Сестра Утта с трудом поднялась, кое-как отряхнула одежду и поспешила прочь. Крик боли и ярости ударил ей в спину. За ним последовал еще один, грубые голоса слились в злобный возбужденный хор. Жители ближайших домов выглядывали на улицу и, ничуть не удивленные кровавым зрелищем, равнодушно закрывали окна.
Ребенок, открывший овальную дверь, отличался очень малым ростом и невероятных размеров глазами. Глядя на него, сестра Утта почти поверила, что скиммеры и в самом деле не принадлежат к человеческому роду. Жрица Зории по-прежнему дрожала всем телом, и не только потому, что все еще не пришла в себя после стычки с уличными забияками. Все, что окружало ее в квартале скиммеров, включая запахи и звуки, казалось ей до крайности странным; самые привычные вещи, даже окна и двери, принимали диковинные формы и обличья. Кто бы мог подумать, что ей придется дойти до самой лагуны и стоять у шаткого трапа, ожидая, пока ее впустят в плавучий дом? Какие неожиданные повороты готовит нам жизнь!
В пору детства Утты Форнсдодир на Вуттских островах уже не осталось скиммеров, но о них ходило множество легенд и сказаний. Таинственные герои этих историй мало походили на жителей лагуны. Впрочем, местные скиммеры тоже были загадочными созданиями – достаточно взглянуть на их внешний вид. Сестра Утта осознала, что за двадцать лет жизни в замке ни разу не удосужилась перемолвиться со скиммерами хотя бы словом, не говоря уж о том, чтобы познакомиться с ними поближе.
– 3-здравствуй, – выдавила она из себя, обращаясь к маленькому скиммеру. – Я хочу поговорить с Рафом.
Ребенок внимательно смотрел на нее. Бровей у него не было, лицо под гладко зачесанными назад волосами (по обыкновению как женщин, так и мужчин этого племени) сохраняло детскую округлость. Сестра Утта никак не могла понять, мальчик перед ней или девочка. Наконец маленький скиммер повернулся и вприпрыжку побежал в дом, оставив дверь открытой.
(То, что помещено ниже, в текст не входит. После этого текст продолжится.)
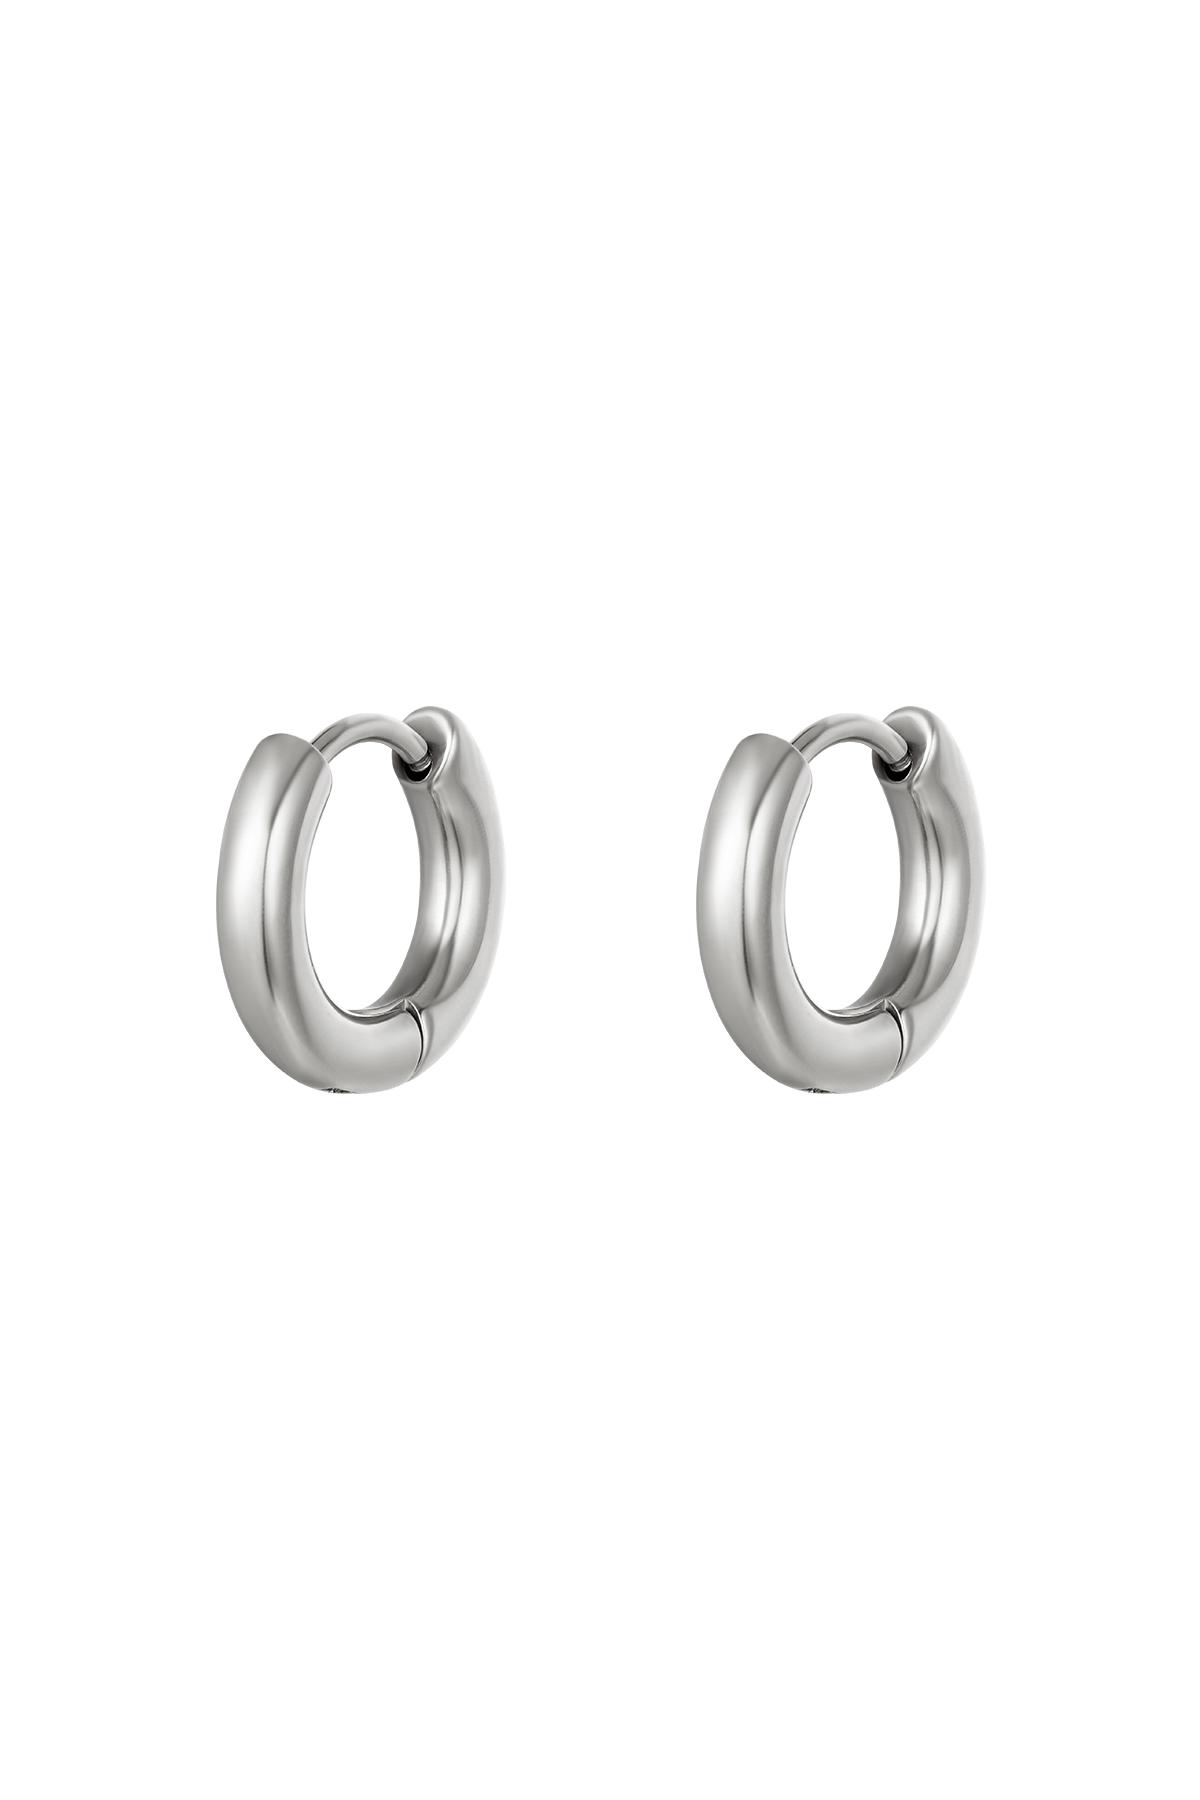 Basic creoles earrings - mini Silver Stainless Steel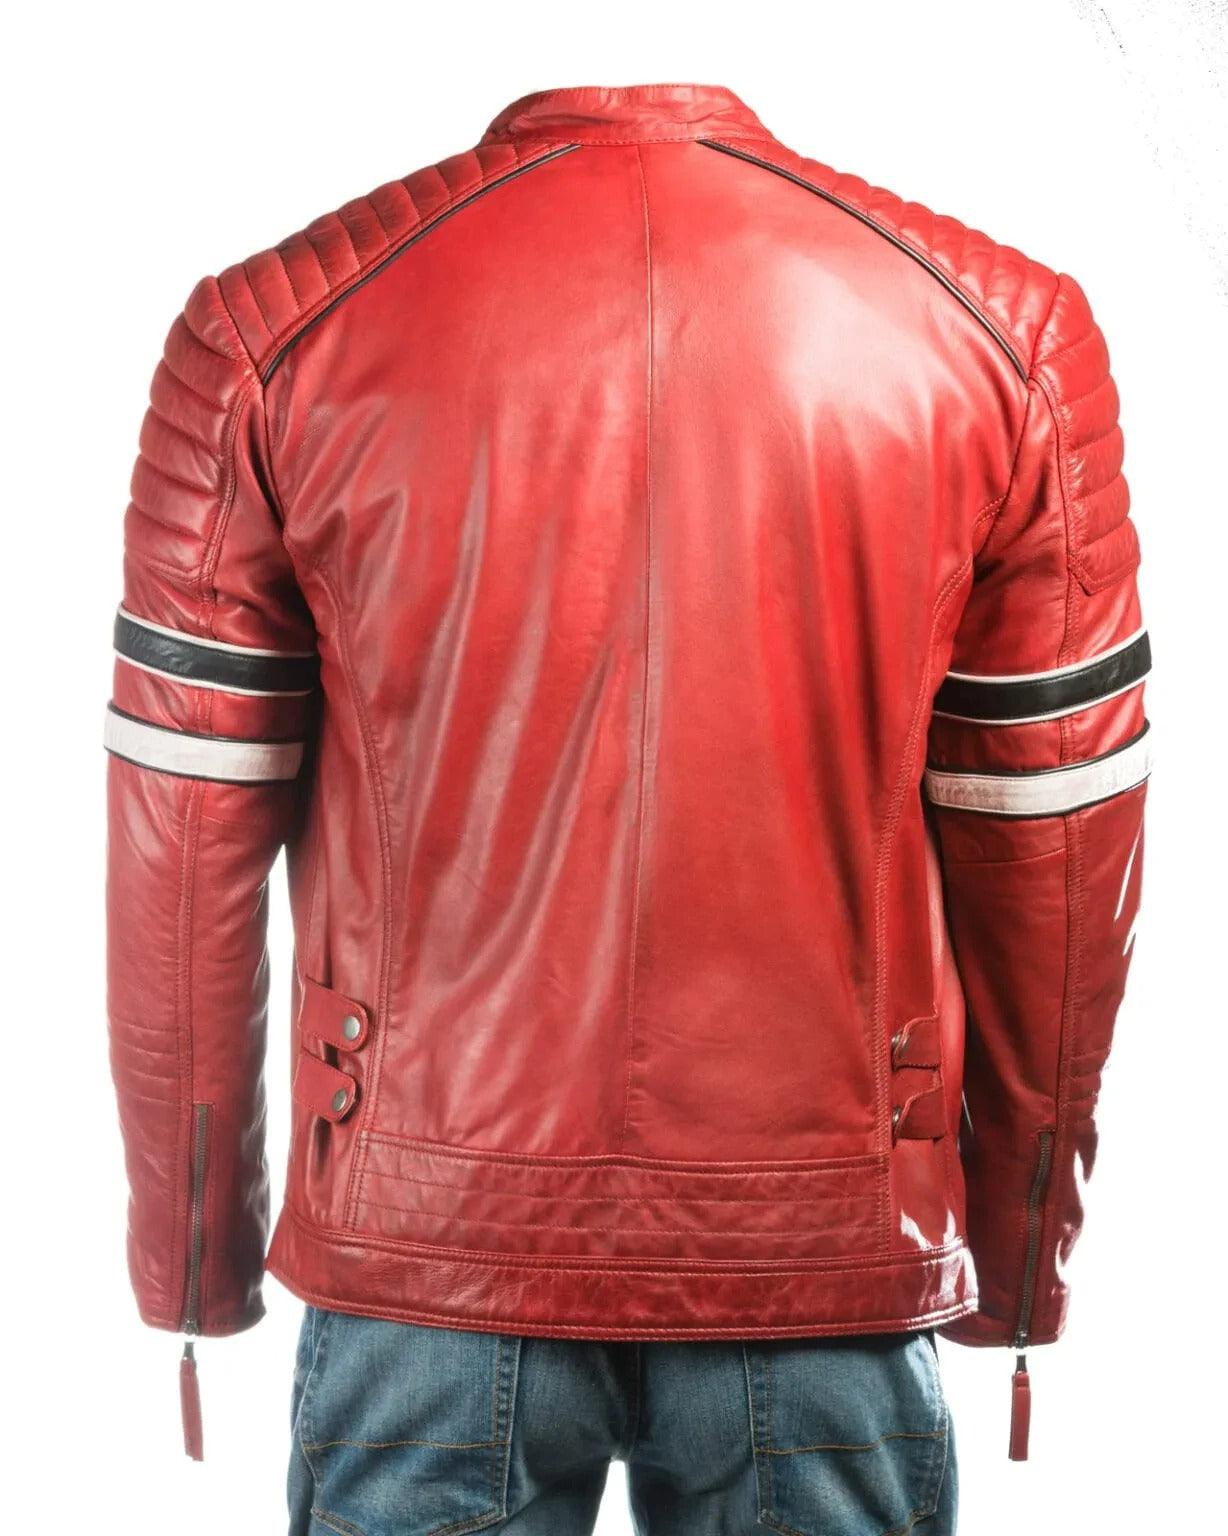 Men’s Red Racing Biker Style Leather Jacket-3

Сестра Утта догадалась, что это можно расценивать как приглашение войти, и с трепетом вступила на палубу, где возвышалась дощатая хижина.
Жрица вошла в хижину и едва не ударилась головой о притолоку. Потолок был такой низкий, что ей пришлось согнуться в три погибели. Она увидела лестницу и поняла; этот дом больше, чем казалось снаружи. В нем было не меньше трех этажей, узкие лестницы – сестра Утта с трудом умещалась на них – вели вверх и вниз. Здесь обитало множество детей: с полдюжины большеглазых мордашек выглянули из углов и закутков, не проявляя ни страха, ни радости по поводу появления незваного гостя. Старшие дети обходились минимумом одежды, а младшие разгуливали нагишом, хотя холод стоял слишком сильный даже для димена, а плавучее жилище не отапливалось. Один из малышей держал за ногу потрепанную куклу. Судя по длинным золотистым локонам, эту игрушку сделали не скиммеры – сестре Утте никогда не доводилось встречать светловолосых скиммеров, хотя кожа у них порой бывала очень светлая, как у жителей северных островов.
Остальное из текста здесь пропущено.